Effect of Y2O3 rare earth oxide on the microstructure and growth kinetics of TiO2-based ceramic coatings fabricated by micro arc oxidation
摘要
This study investigates the influence of Y2O3 addition on the microstructure, growth kinetics, and mechanical properties of TiO2-based ceramic coatings formed on Ti–6Al–4V alloy through the Micro Arc Oxidation (MAO) process. The experiments were carried out using Ti–6Al–4V plates coated in silicate-based electrolytes, with and without 1 g/L Y2O3, under a constant current density of 5 A/dm2 and a voltage of 360 ± 20 V for different treatment times (1, 3, 7, and 10 min). The coatings were evaluated by weight gain measurements, SEM/EDS analyses, X-ray diffraction (XRD), and constant load scratch testing supported by profilometry.
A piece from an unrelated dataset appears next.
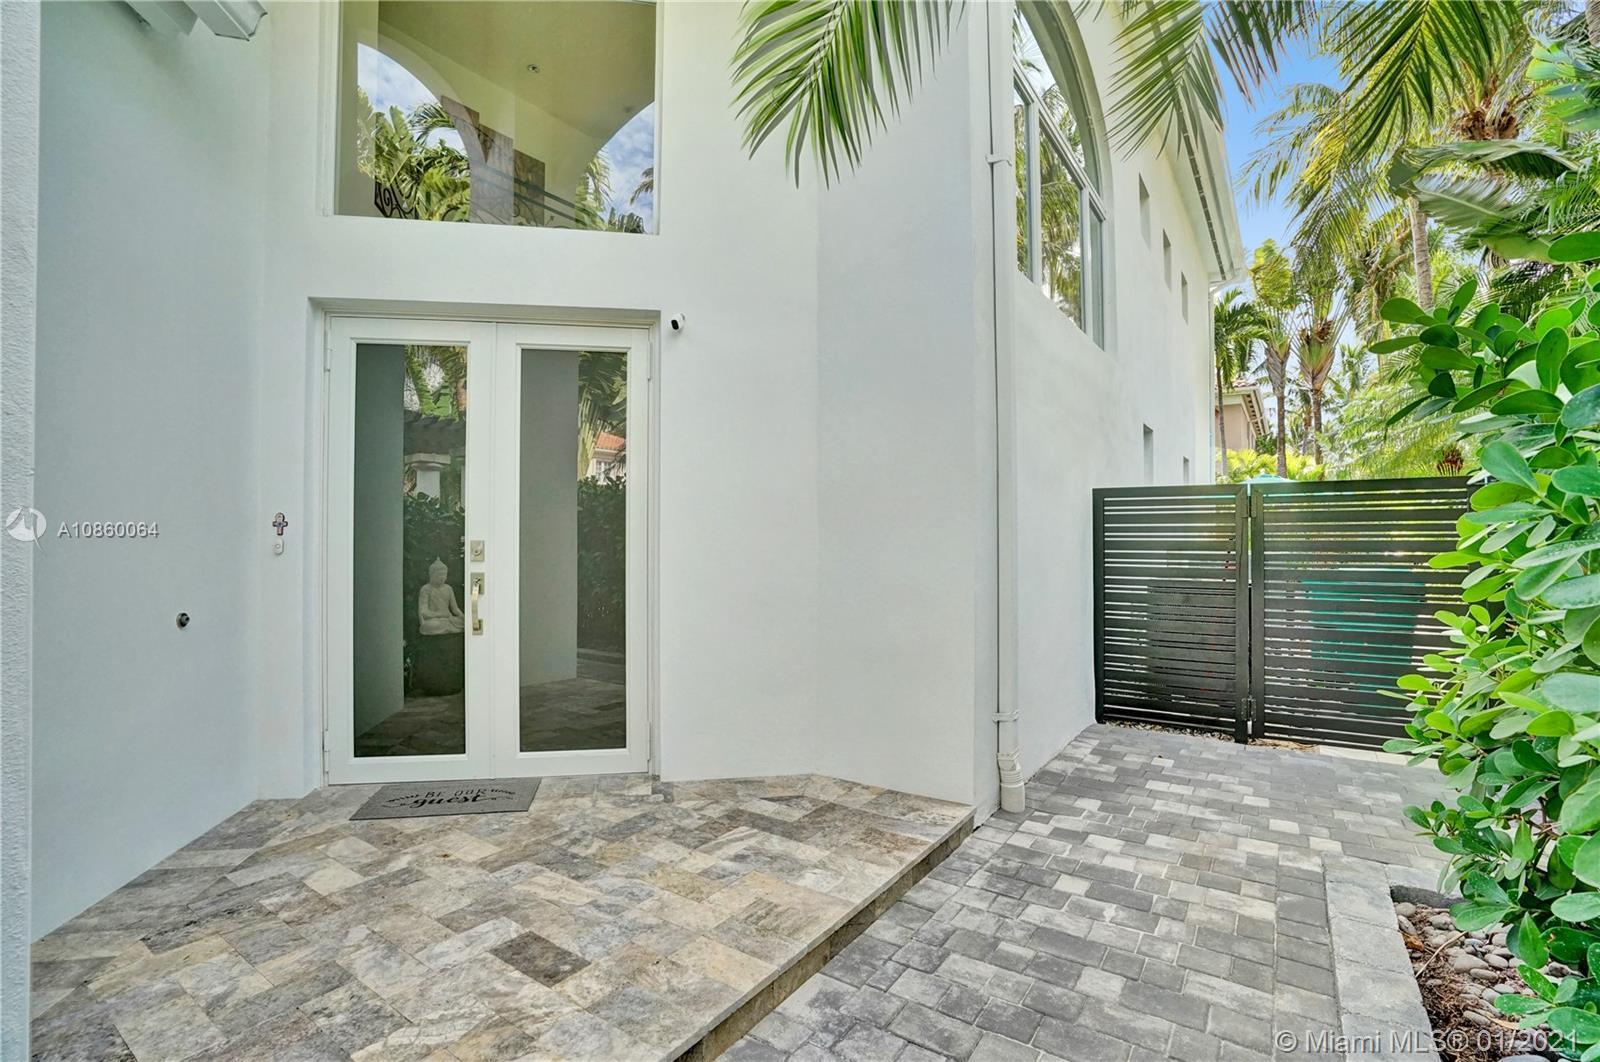 Photo of 3936 194th Trl, Sunny Isles Beach, Florida, 33160 -

Results revealed that Y2O3 significantly accelerated coating growth during the initial stages, leading to higher weight gains and denser, less porous morphologies compared to Y2O3-free coatings. XRD analysis indicated amorphous TiO2 and anatase phases at short durations, while rutile formation became dominant with longer treatments. Kinetic modeling demonstrated that both coatings initially followed a linear reaction-controlled mechanism (n ≈ 1), with calculated growth constants of 3.44 × 10⁻4 mg/mm2·s for Ti-MAO and 7.45 × 10⁻4 mg/mm2 s for Ti–Y2O3–MAO. However, after approximately 420 s, the Y2O3 coatings exhibited a marked reduction in growth rate due to electrical insulation effects of the thickened ceramic layer, resulting in multi-stage kinetics. Constant load scratch testing showed that Y2O3 incorporation reduced groove depth and width by nearly 45%, improving adhesion strength and mechanical durability. These findings confirm that rare-earth oxide addition is an effective strategy for enhancing the performance of MAO coatings on titanium alloys.